> [Task brief]: Leave out the pictures and output exactly the lines below from the one with "18ct Matt Gold" down to the one with "Donna's work typically", both of them included.

> [Available records]:
=== Section Start ===
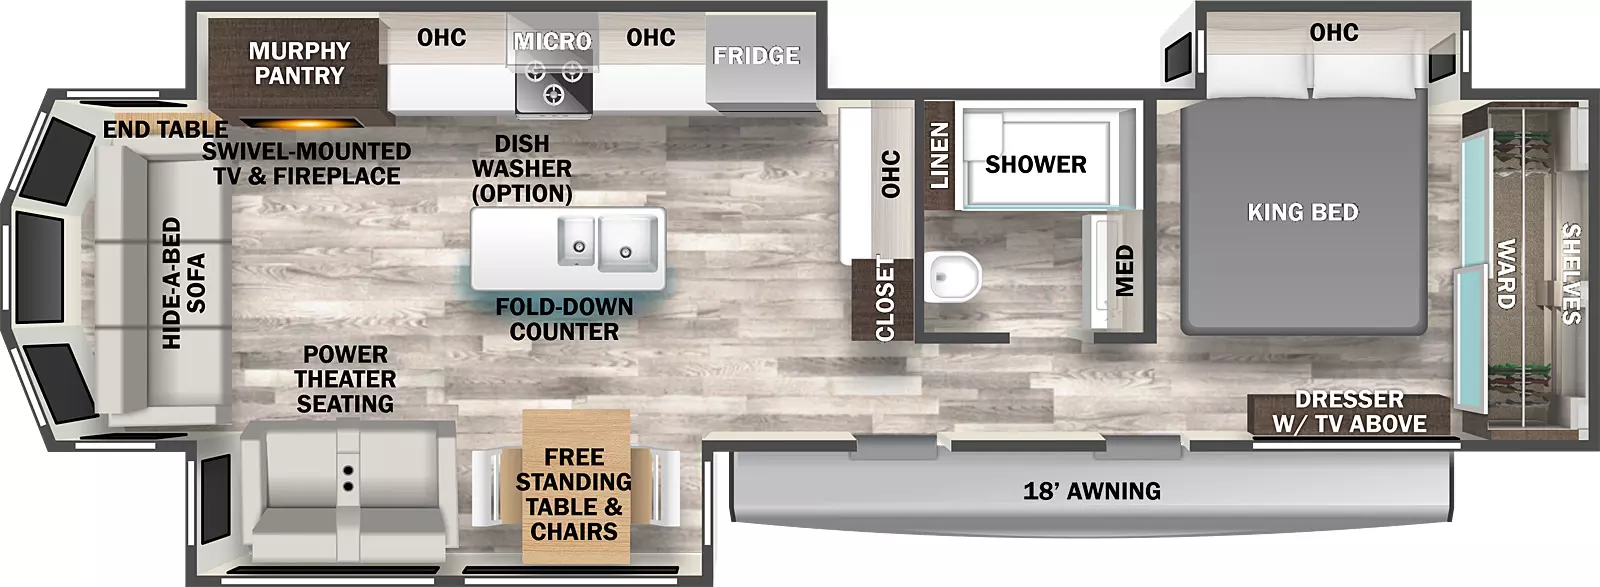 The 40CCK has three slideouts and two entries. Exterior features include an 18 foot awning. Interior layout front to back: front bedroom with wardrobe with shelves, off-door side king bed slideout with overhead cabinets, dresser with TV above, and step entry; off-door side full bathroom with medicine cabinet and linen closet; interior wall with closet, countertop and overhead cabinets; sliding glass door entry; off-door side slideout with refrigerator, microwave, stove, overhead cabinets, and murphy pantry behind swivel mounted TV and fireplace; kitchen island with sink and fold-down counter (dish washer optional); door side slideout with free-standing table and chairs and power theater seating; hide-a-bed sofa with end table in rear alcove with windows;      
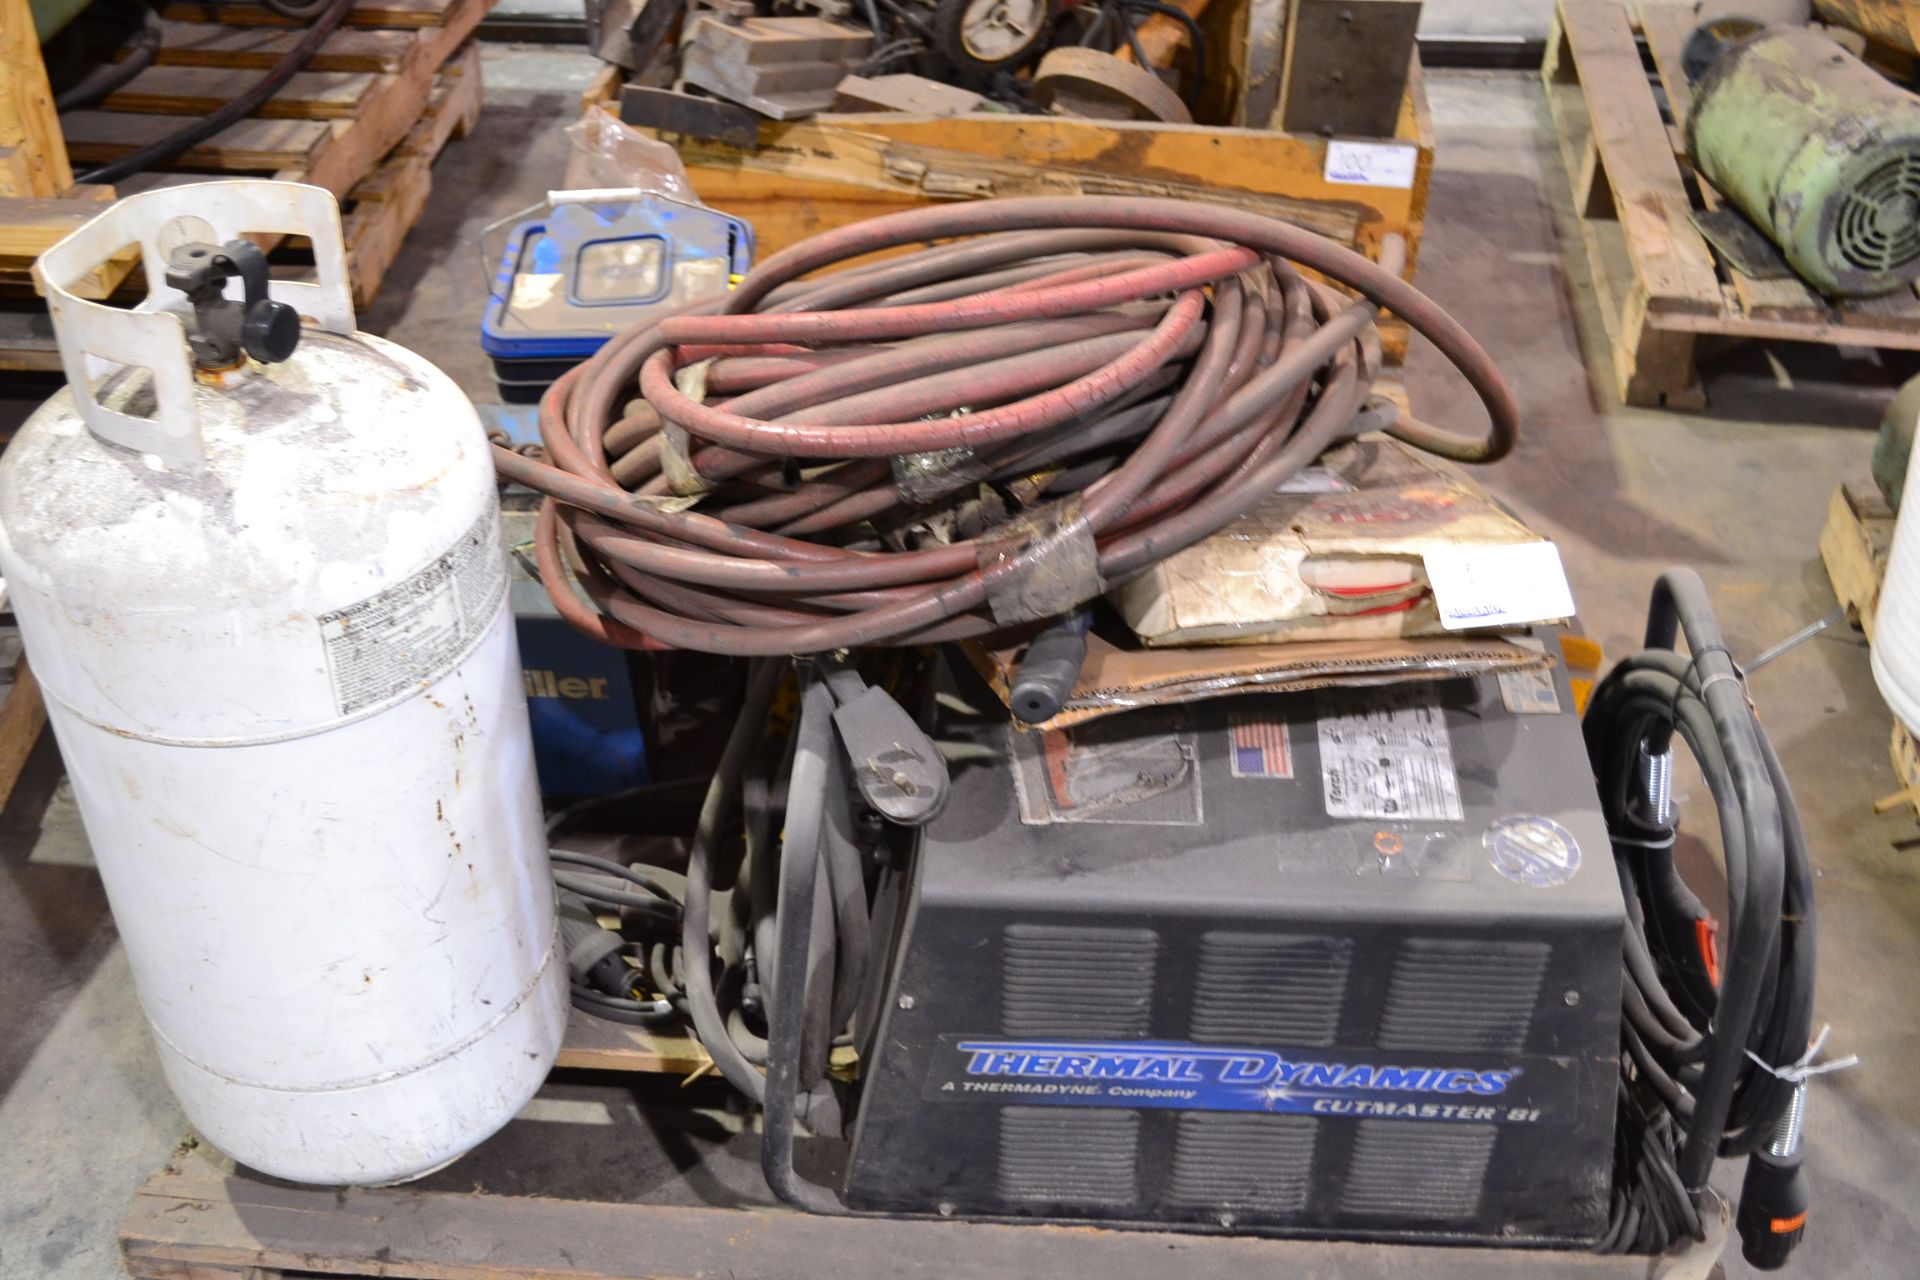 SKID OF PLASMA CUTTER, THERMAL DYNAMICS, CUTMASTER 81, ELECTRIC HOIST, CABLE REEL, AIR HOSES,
=== Section End ===
=== Section Start ===
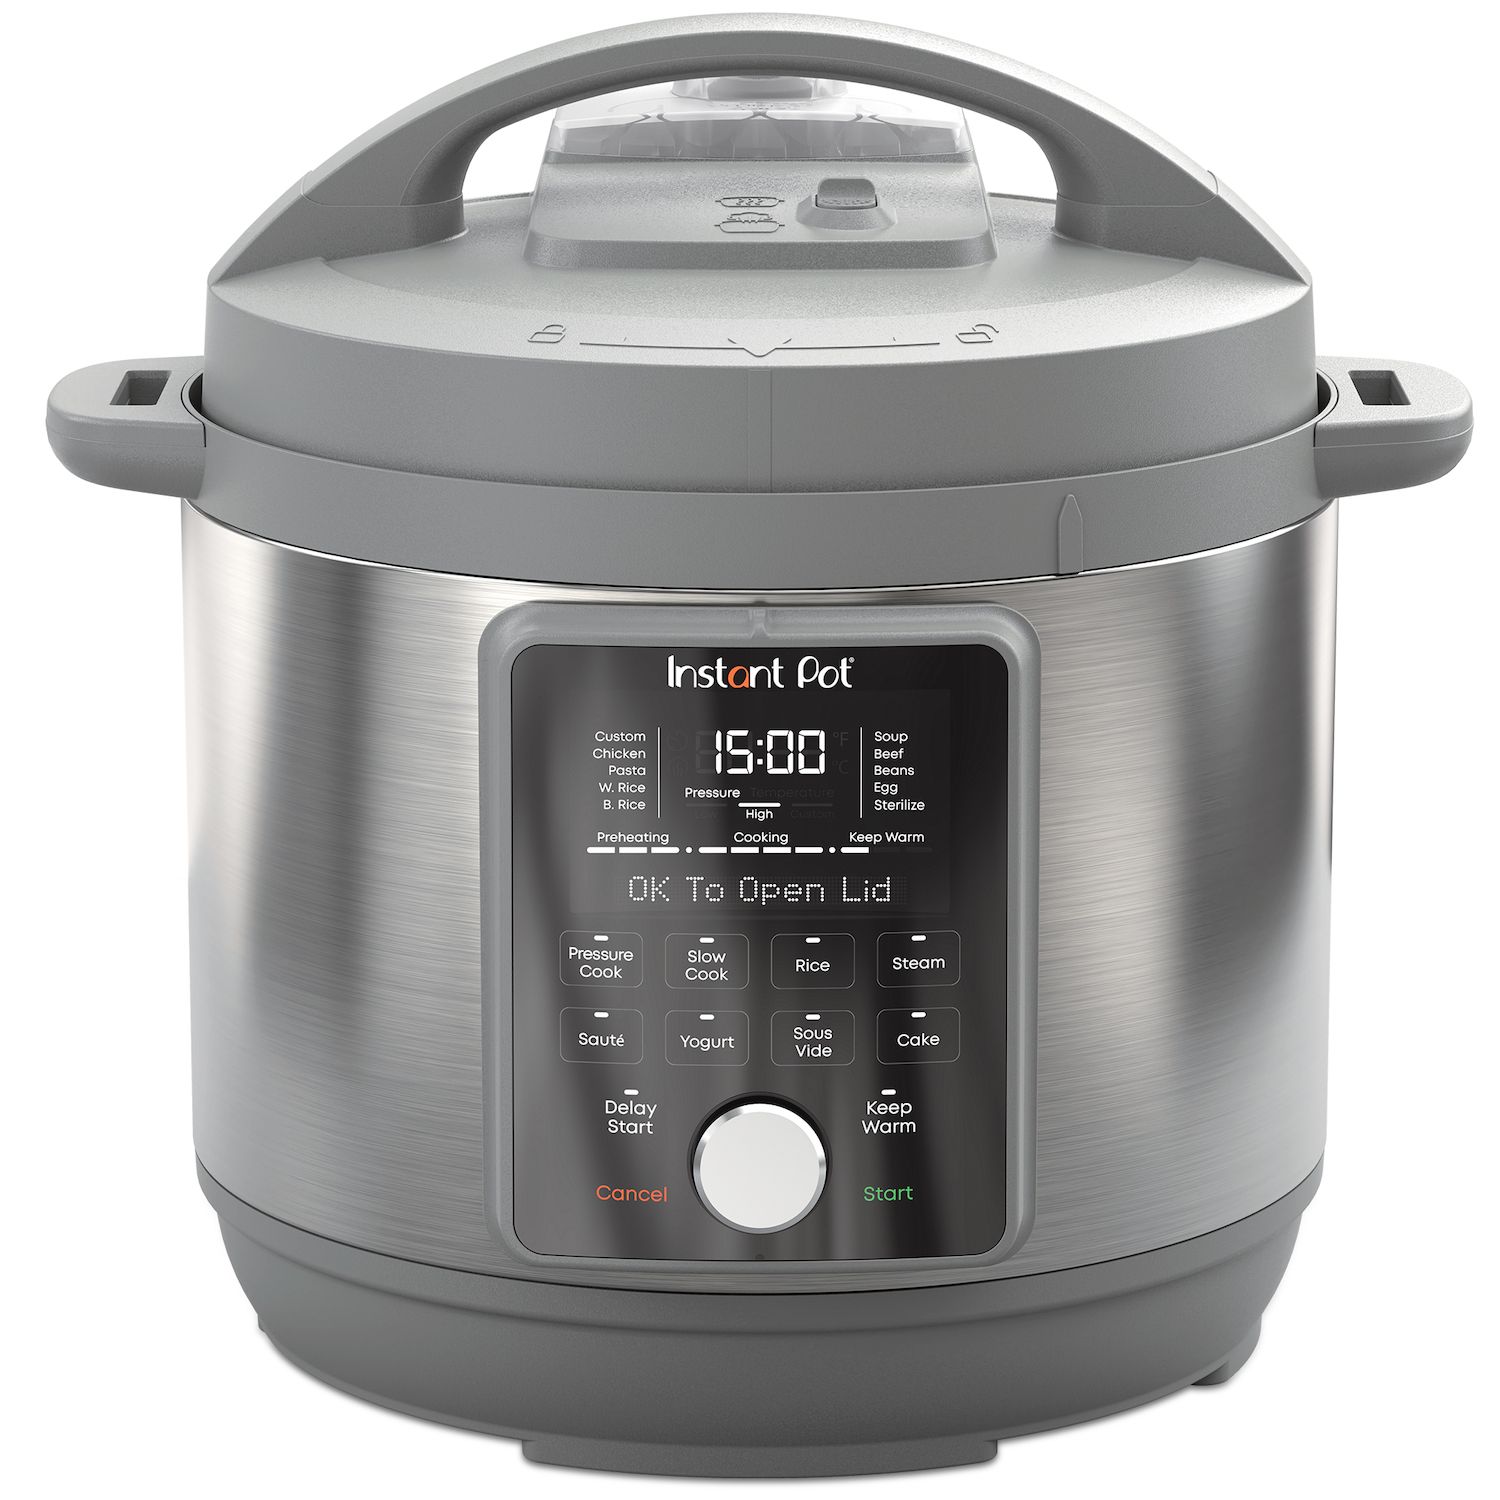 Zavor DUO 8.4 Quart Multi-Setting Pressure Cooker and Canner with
=== Section End ===
=== Section Start ===
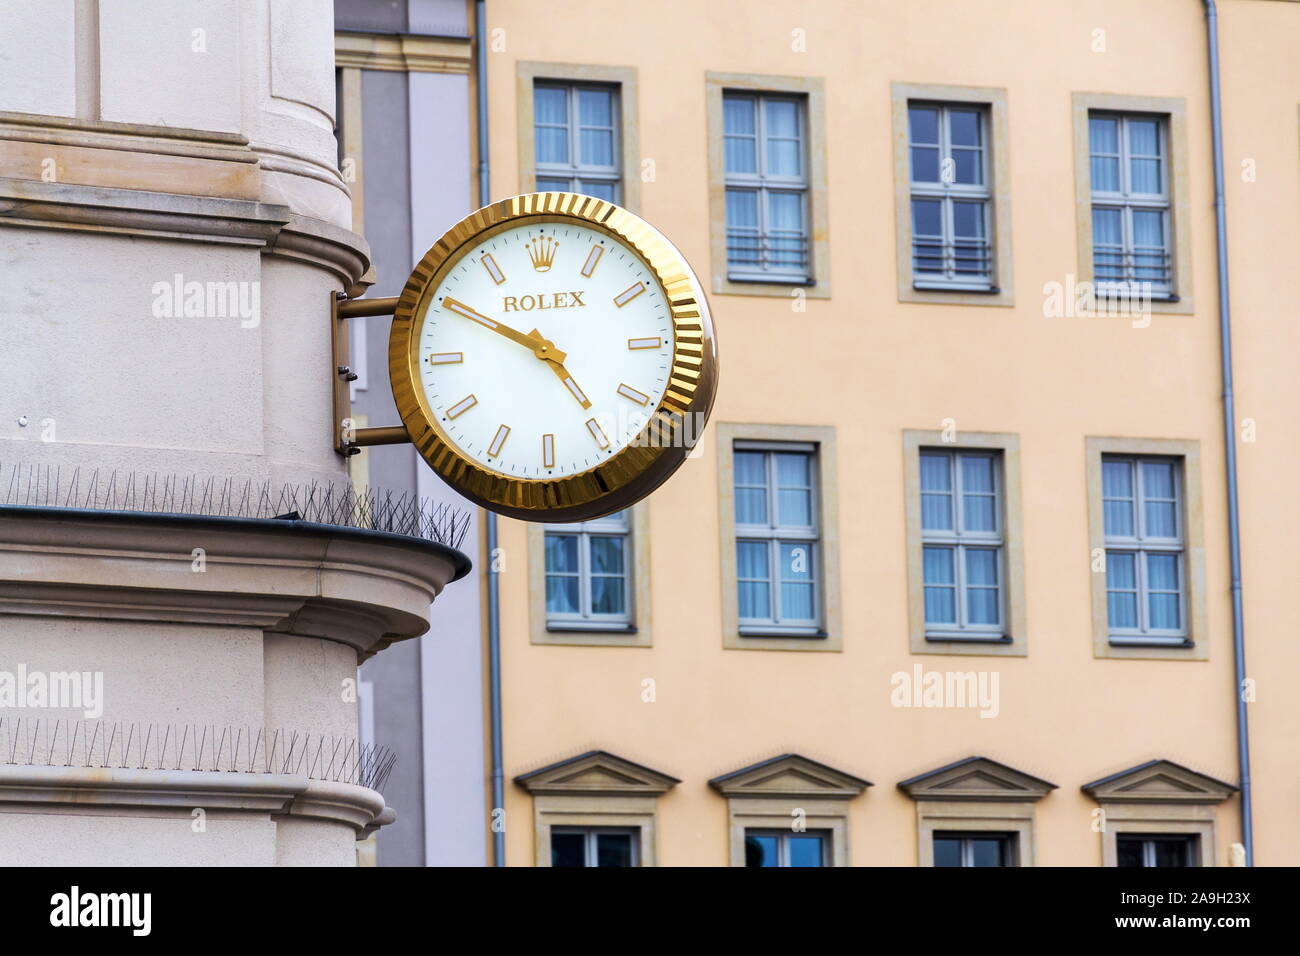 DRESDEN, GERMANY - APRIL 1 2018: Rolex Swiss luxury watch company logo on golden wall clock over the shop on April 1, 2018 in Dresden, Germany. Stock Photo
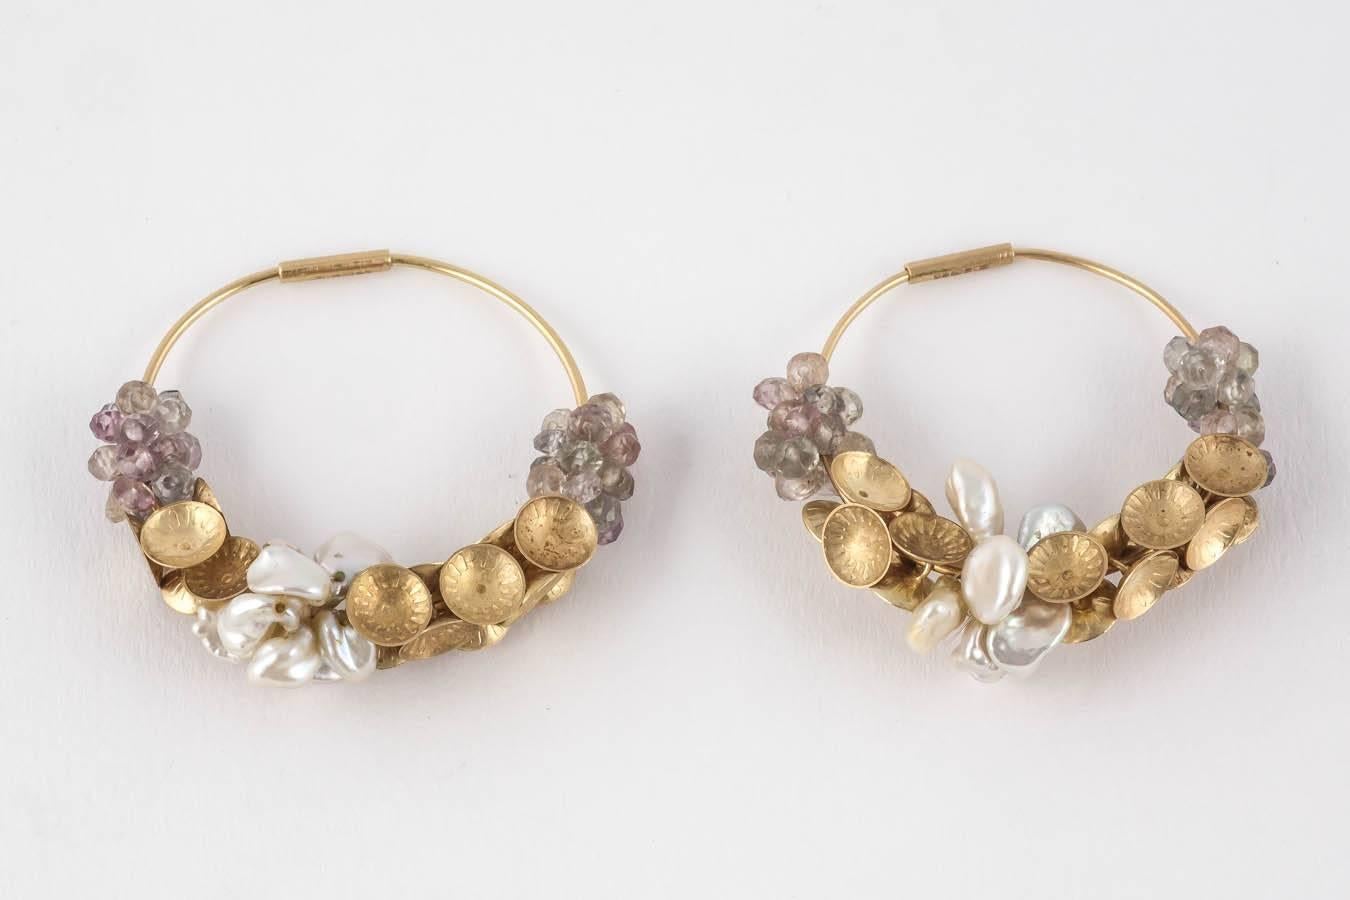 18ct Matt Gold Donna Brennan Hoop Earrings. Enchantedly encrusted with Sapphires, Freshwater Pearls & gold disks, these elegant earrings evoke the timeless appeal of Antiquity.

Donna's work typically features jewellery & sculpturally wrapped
=== Section End ===
> [Task result]:
 18ct Matt Gold Donna Brennan Hoop Earrings. Enchantedly encrusted with Sapphires, Freshwater Pearls & gold disks, these elegant earrings evoke the timeless appeal of Antiquity.

Donna's work typically features jewellery & sculpturally wrapped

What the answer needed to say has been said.